Уходить бы по тропам, ведущим в покой на юг.
Не домой, потому что такую — нельзя домой.
Что внутри не болит, то ни разу и не поют. Я иду через травы, пою им, что ты не смог.
Наклоняюсь губами к трепещущим лепесткам, обжигаю соленым их нежность, шепчу слова —
все выходит бессвязным, сумбурным «зачем» и «как» и кончается горьким «никто тут не виноват».

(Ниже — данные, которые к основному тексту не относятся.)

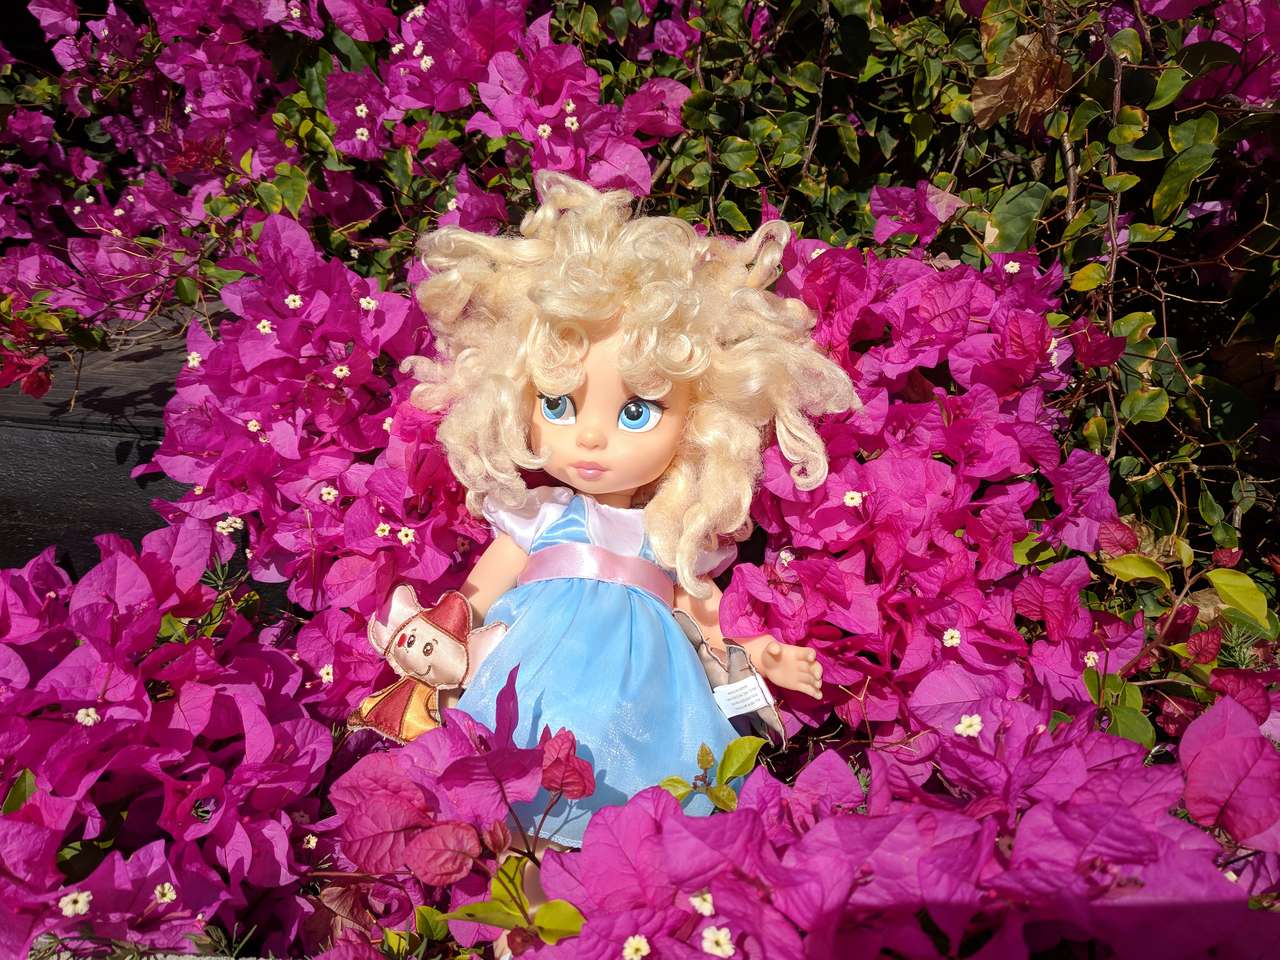 Dolly & Flowers puzzle online from photo

Травы гладят меня по щекам, дышит летний зной. Пыль душицы, полынная горечь, кровящий мак.
Что мне делать, когда ты со мной, только не со мной — замирать в этих травах, тонуть в них, сходить с ума?
Умирай за меня, умирай за меня хоть раз
так, чтоб из-за меня захотелось дышать и жить.
Вот я падаю навзничь и жду до того утра, где звенящая тишь успокоит мне стон души.
«Сделай что-нибудь» — это всегда остается вне наших слов, потому что не скажется, как ни плачь.
Я смотрю в наше небо — и солнце в голубизне до моргания колкого снова мне режет глаз.
Уходить бы по тропам, венки по себе плести, панихиду по-хулигански себе пропеть.